> [Task item] Please repeat word for word the line containing "Germany's Christoph Theuerkauf" and every following line up to and including the last one below, pictures excluded.

> [Collected material]
##############################

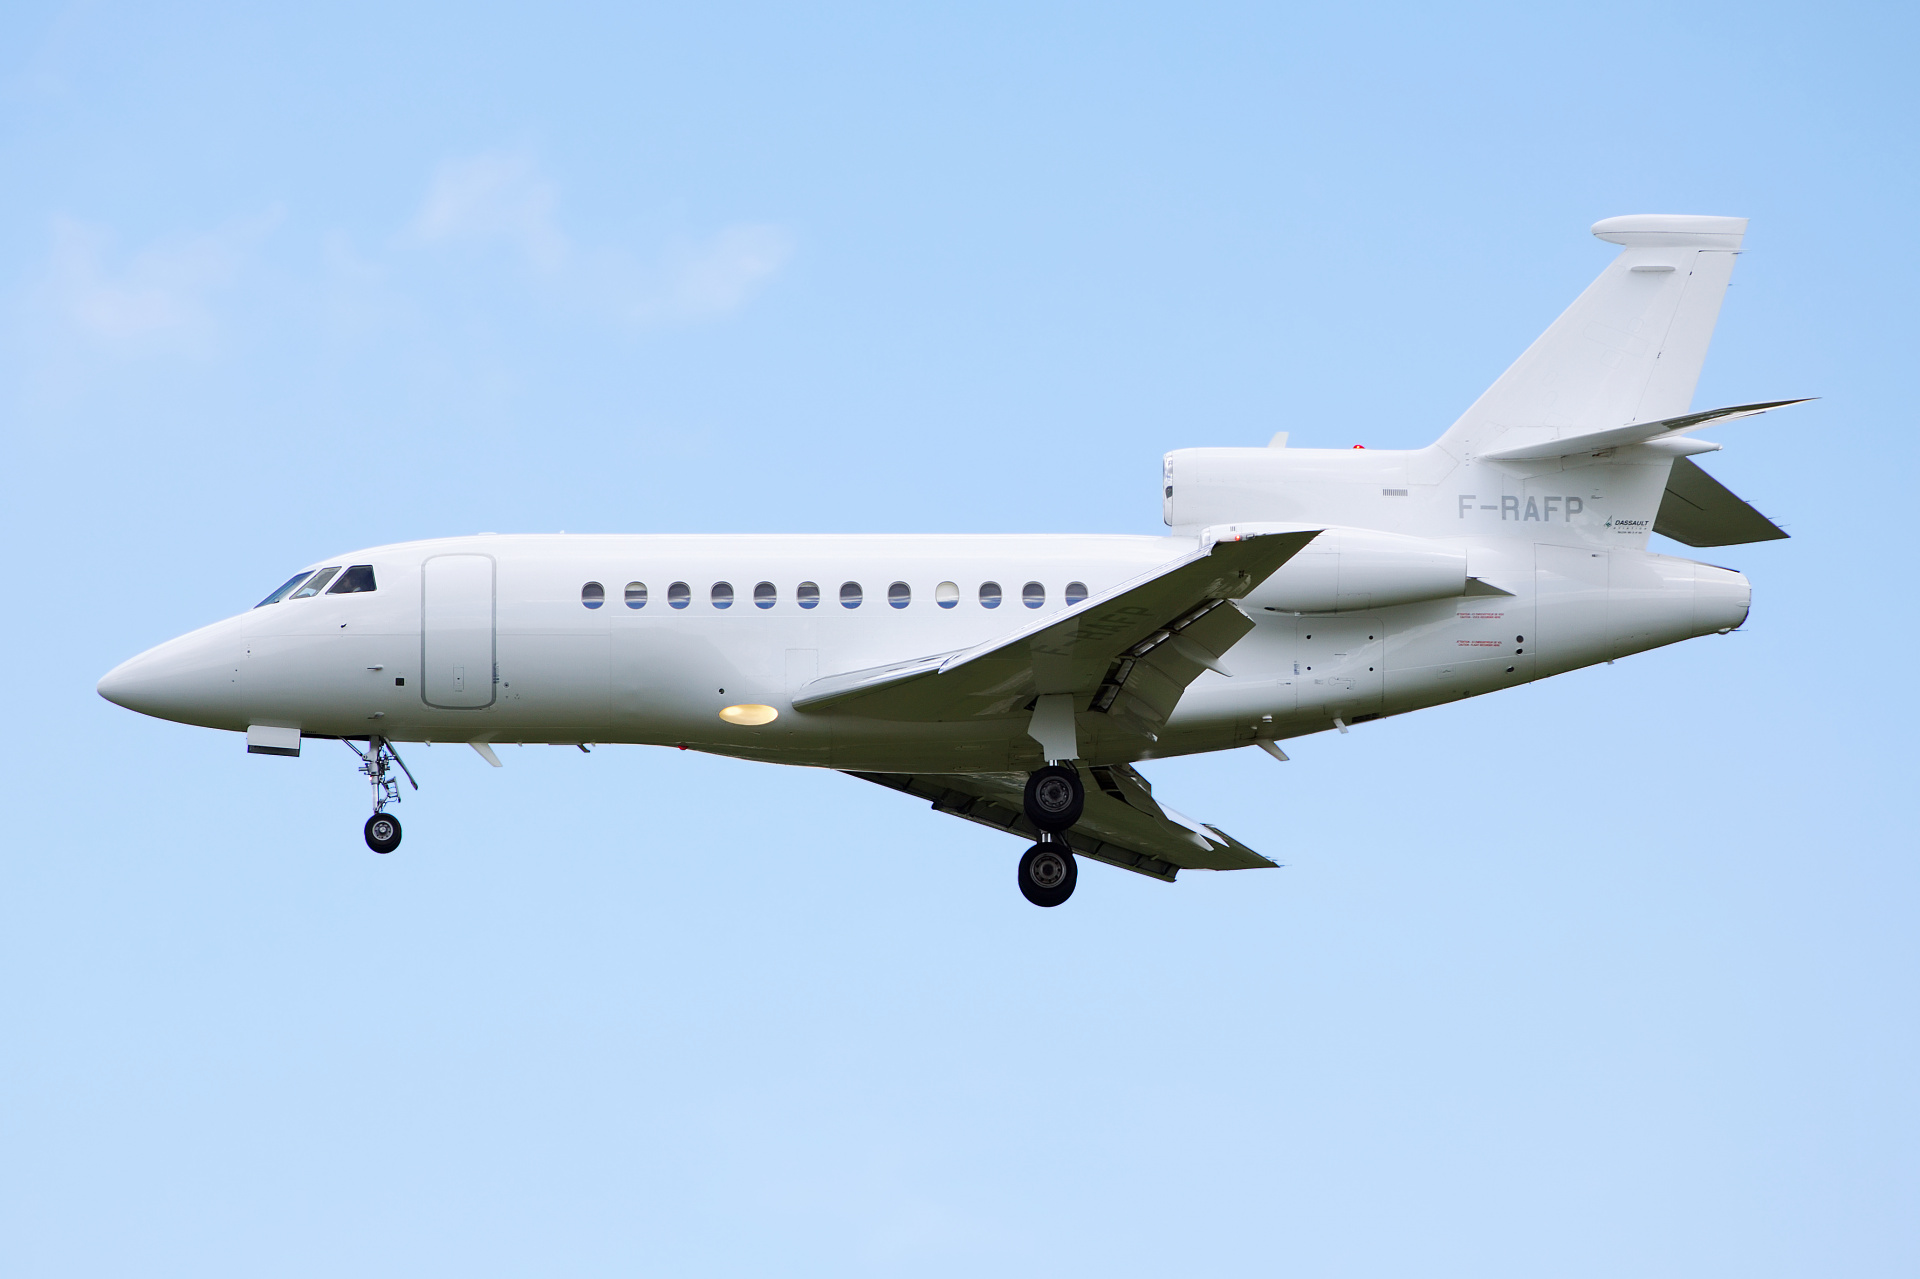 F-RAFP, French Air Force (Aircraft » EPWA Spotting » Dassault Falcon 900)
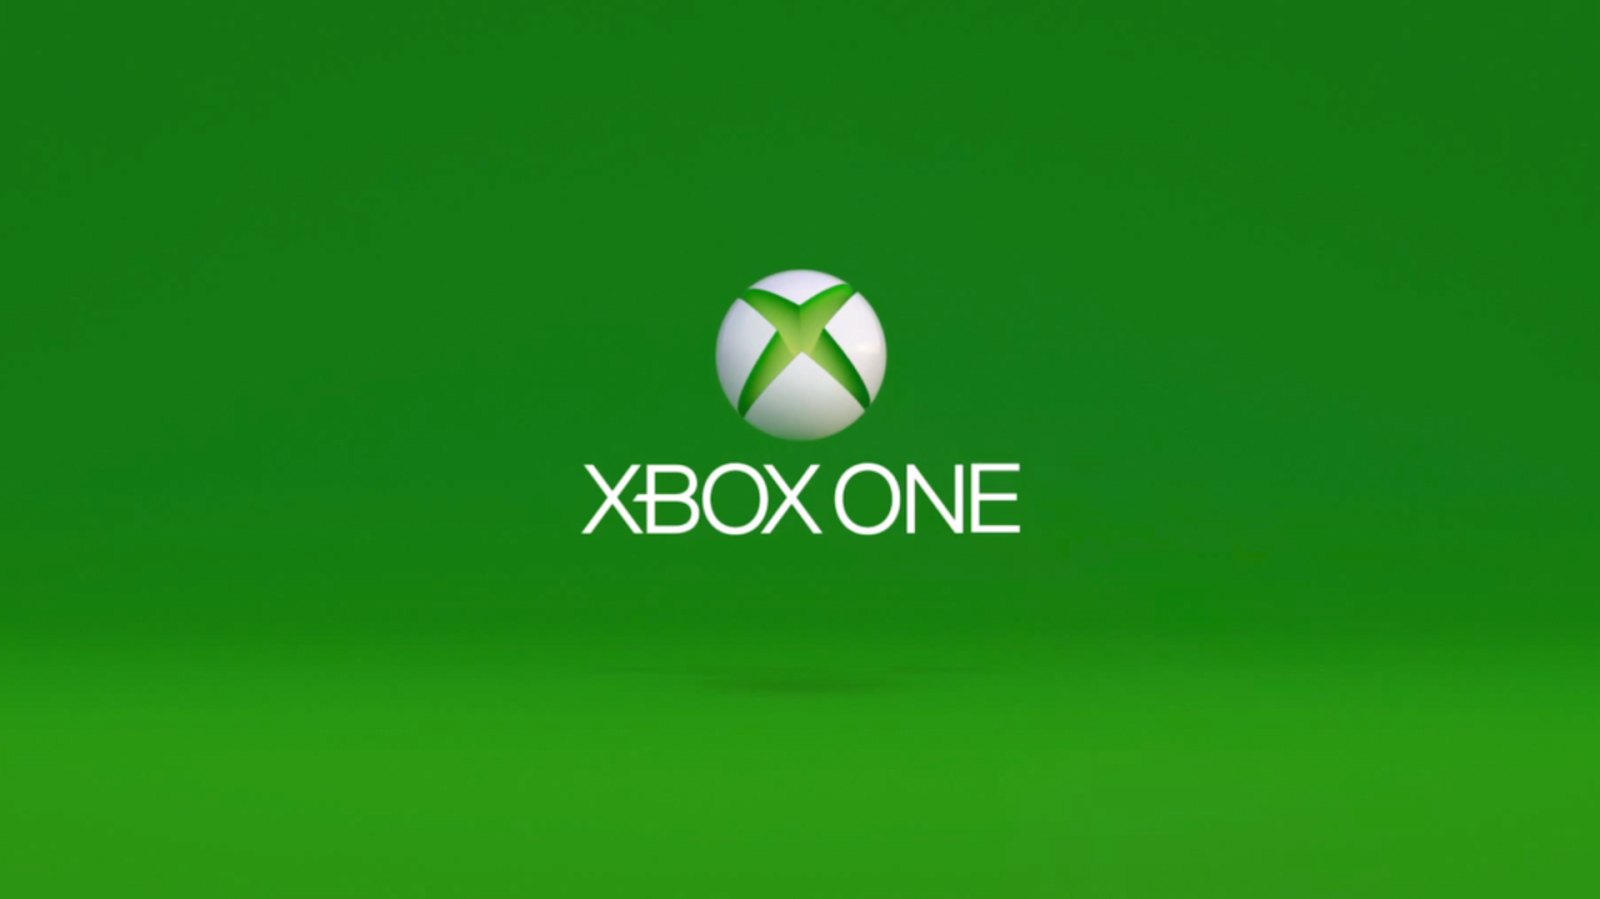  got some news for xbox users regarding 4k and 3d the new xbox one will
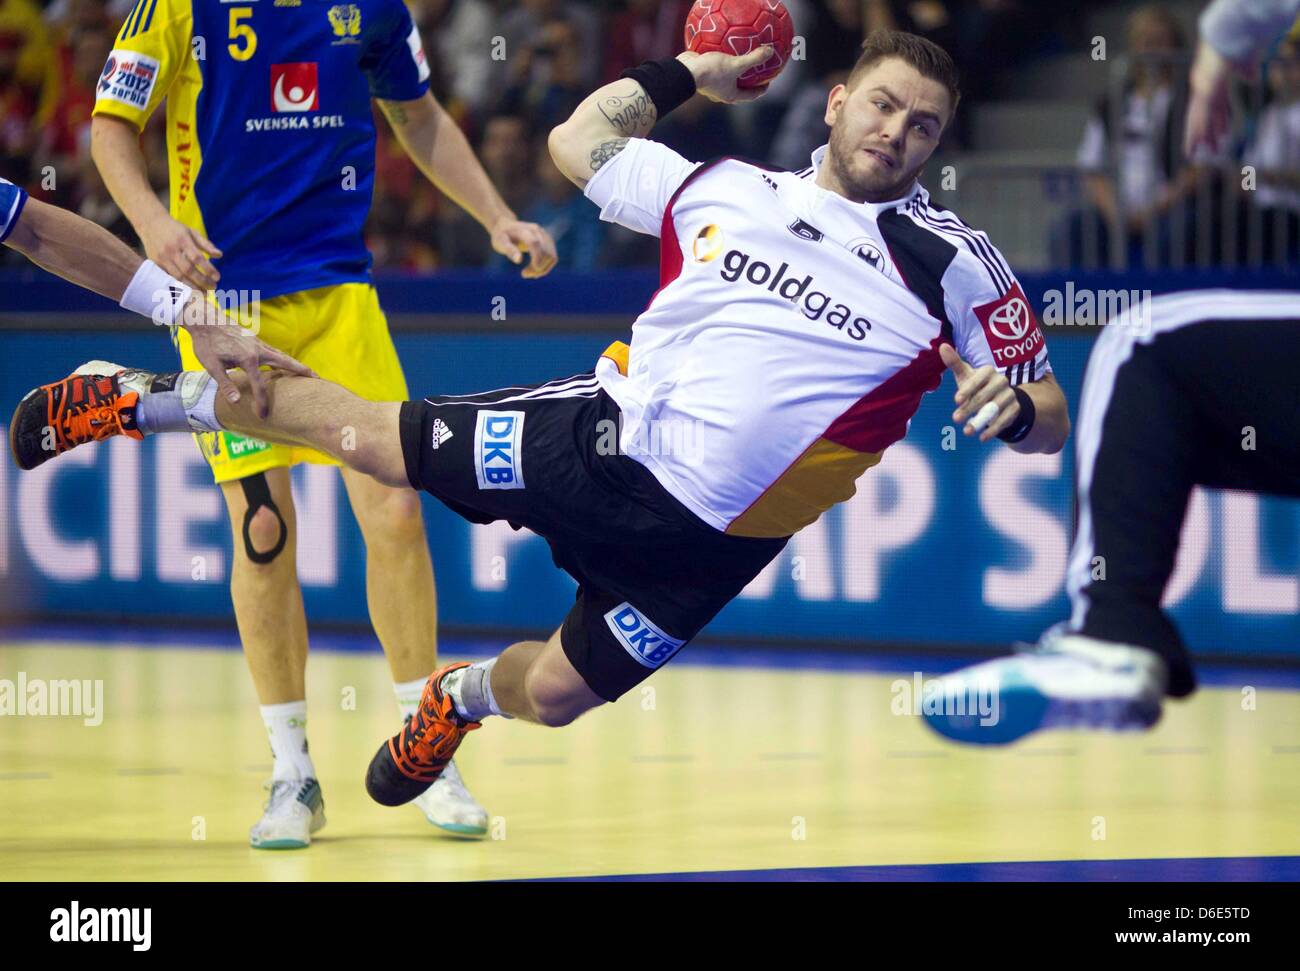 Germany's Christoph Theuerkauf attempts a jump shot during the Handball  European Championship group B match between Germany and Sweden in Nis, Serbia, 19 January 2012. Photo: Jens Wolf Stock Photo
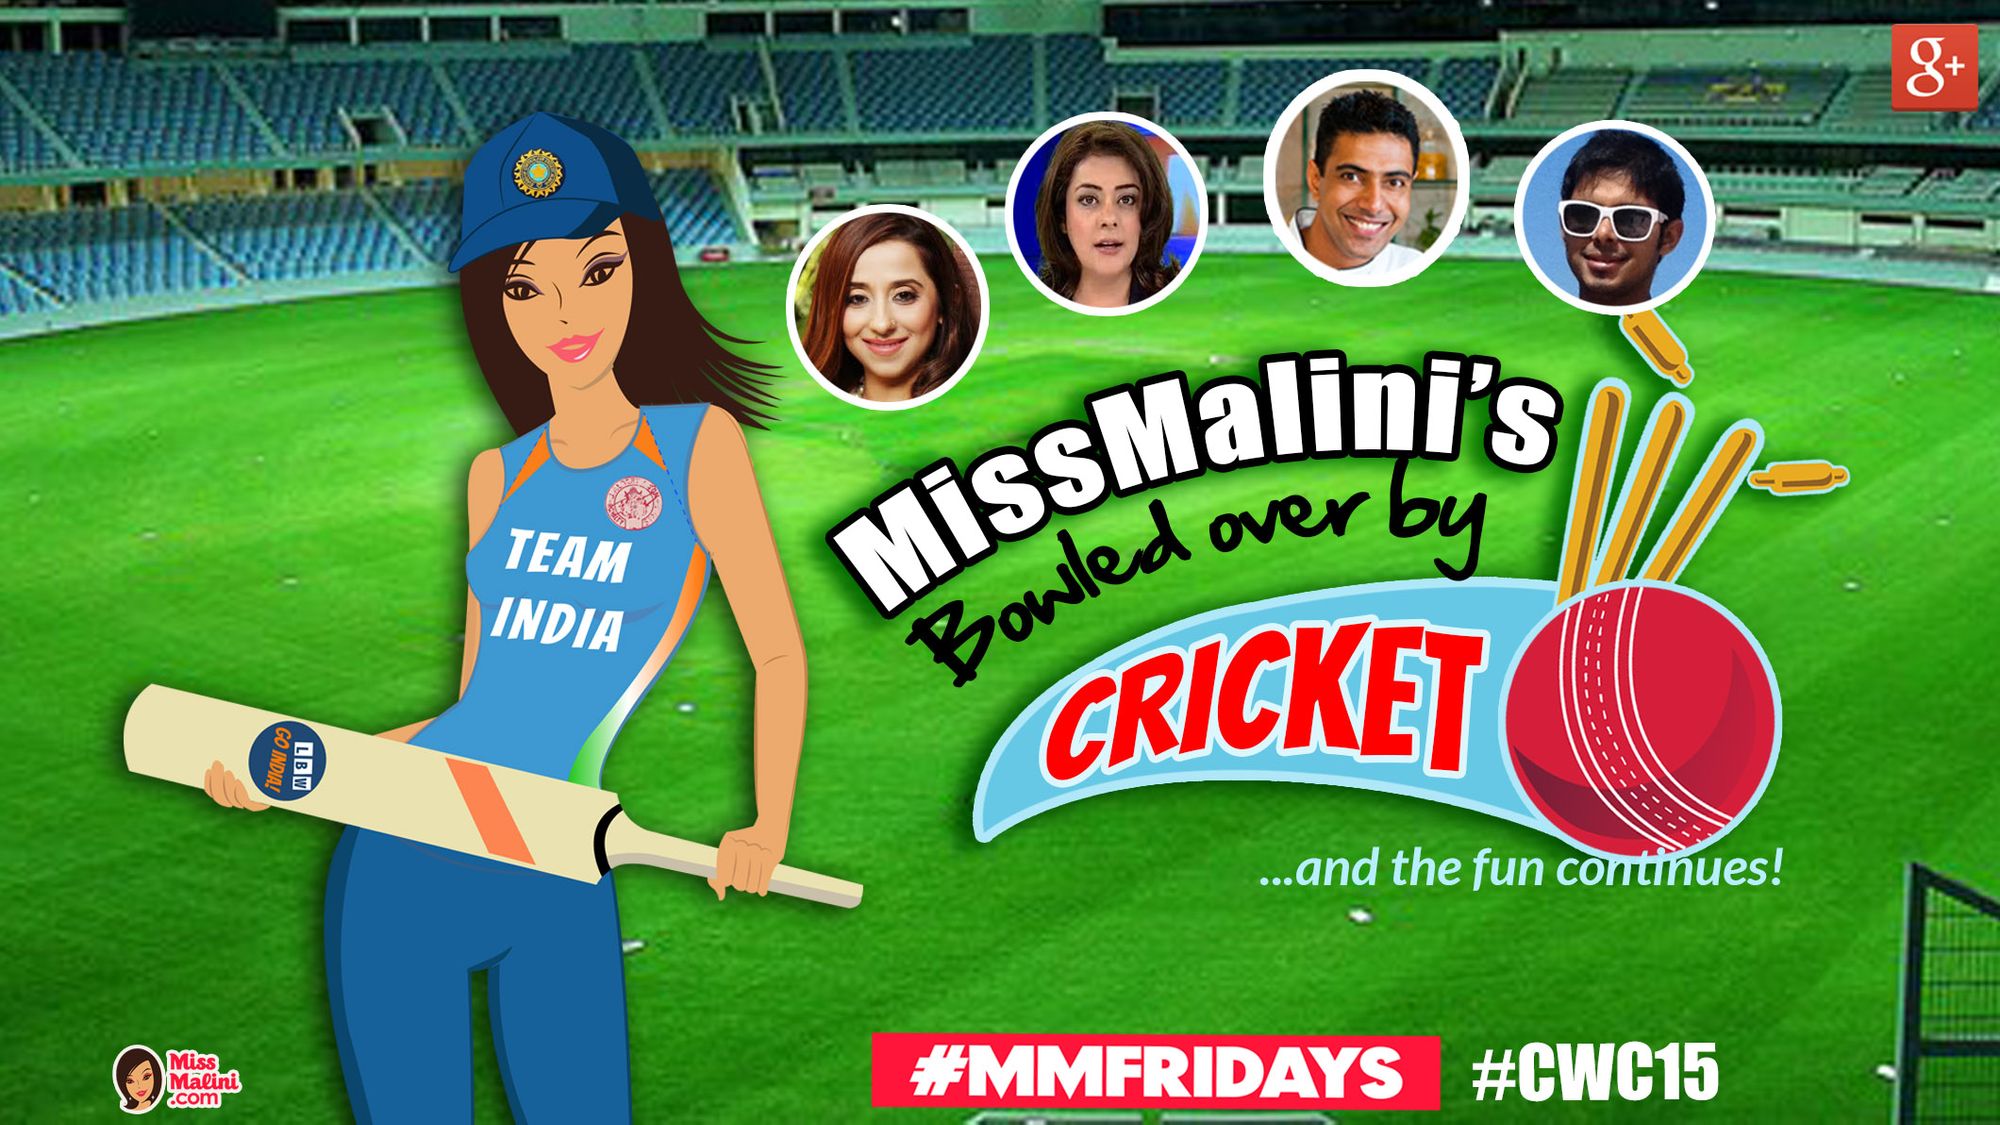 MissMalini's bowled over by cricket

##############################

> [Answer for this exercise]
 Germany's Christoph Theuerkauf attempts a jump shot during the Handball  European Championship group B match between Germany and Sweden in Nis, Serbia, 19 January 2012. Photo: Jens Wolf Stock Photo
 MissMalini's bowled over by cricket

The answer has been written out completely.